There is something else I should mention. Unlike many authors who write textbooks (I don’t think of myself as writing textbooks but as writing scholarly books that are used as textbooks), I never write queries to publishers about books I plan on writing. Instead, I write the book—because I’m interested in the subject, because I want to find out more about it, and because I want to discover what ideas I had that I never recognized until I started writing. And then I go looking for a publisher.
So every book of mine represents a lot of work that may not pay off in getting published. Now that I have a substantial number of books that have been published, writing a book before getting a commitment from a publisher isn’t quite as risky as it used to be. But it still is a risk and I must confess that I’m not always successful in publishing books I’ve written.

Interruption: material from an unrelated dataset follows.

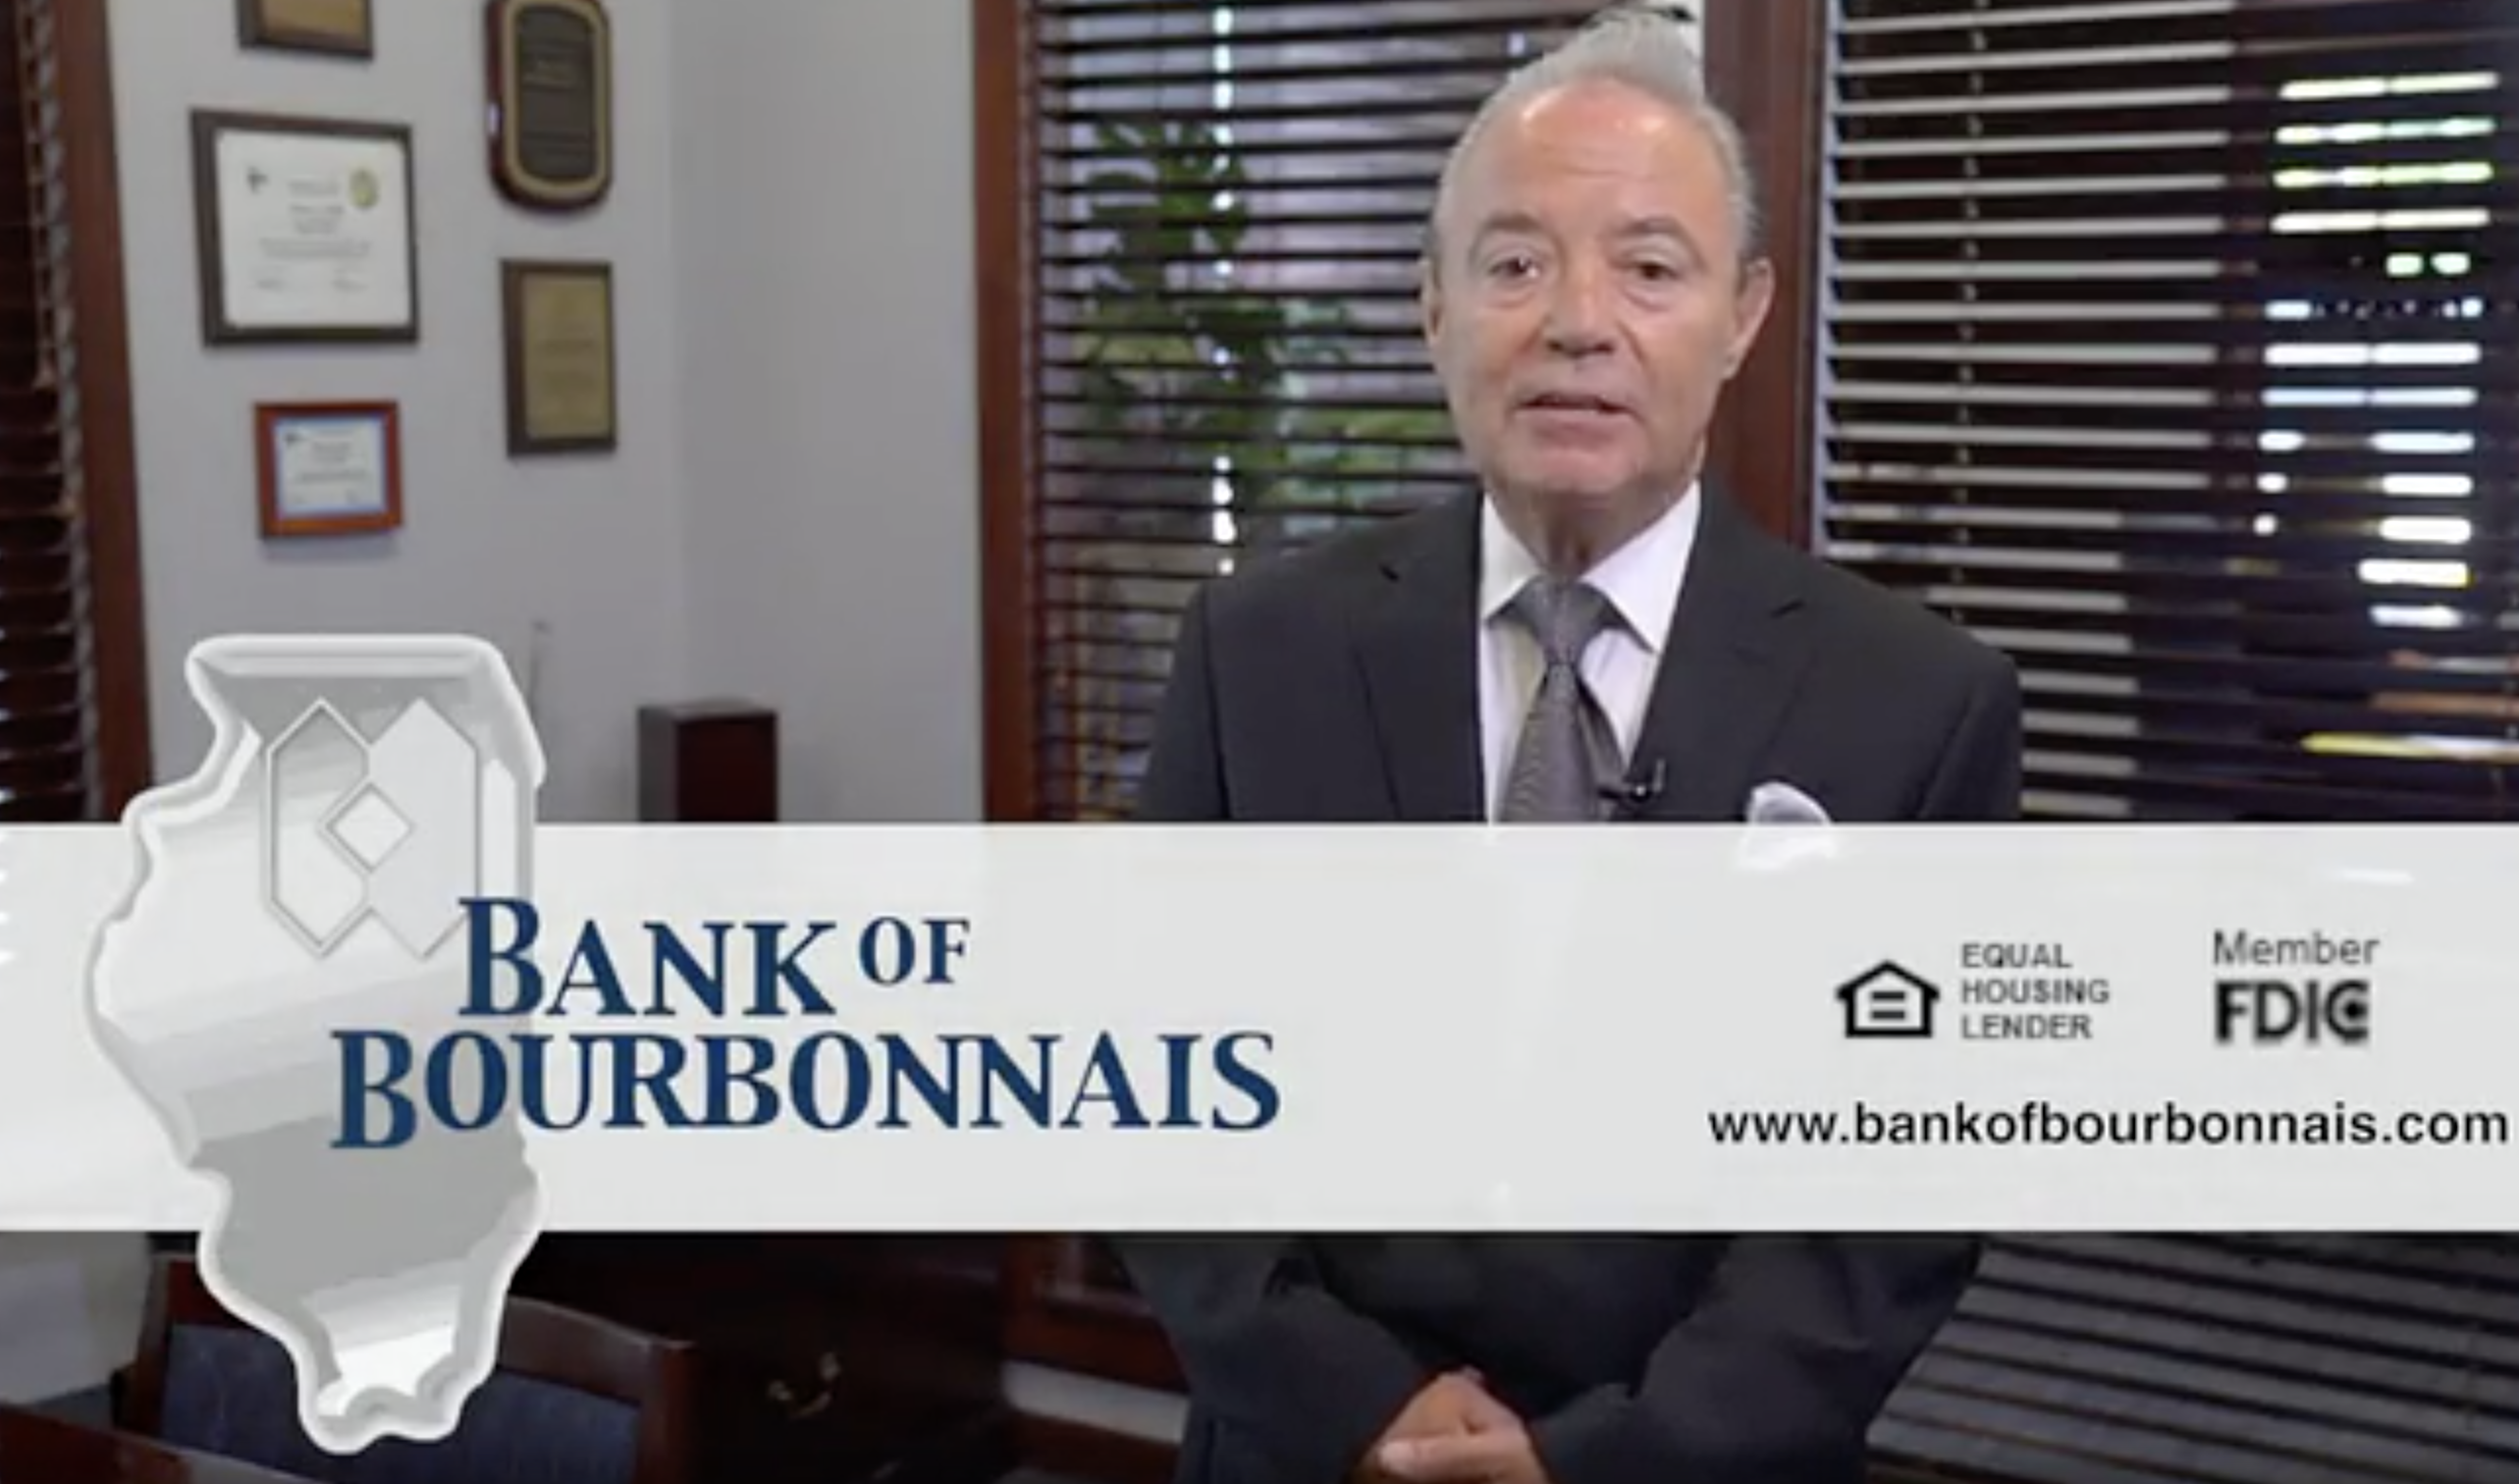 Bank of Bourbonnais/First Nations Bank

And books don’t always have the “payoff” you think they’ll have. In my 35th journal, Relations II, I write:
So here I am with my seventh and eighth book coming out and it has meant nothing, so it seems. No job offers, no help in getting grants, no help at school (in fact, it has hindered me). It has given me a lot of psychic income and ego strength, however...and some regular income, as well.
One problem with writing oneself into existence is that you face a problem when you stop writing. Will you cease to exist? That may suggest that when I complain to myself, in my journals, as I do over and over again, that I haven’t got any ideas for new books, I’m really alluding to an existential dilemma that I, and all writers, unconsciously recognize. Maybe we can modify Berkeley and say that for writers, “to be is to be in print” or “to be is to be reviewed,” or some combination of the two.
Postscript
Figure 17: Photograph of Arthur Asa Berger
This article contains material about writing from my memoir, Writing Myself into Existence. I now have a manuscript on myth and media being considered for publication by a publisher. I’ve also been asked to write a book on global icons. So it looks like I’ve solved the problem of find a way to continue to exist for a while longer.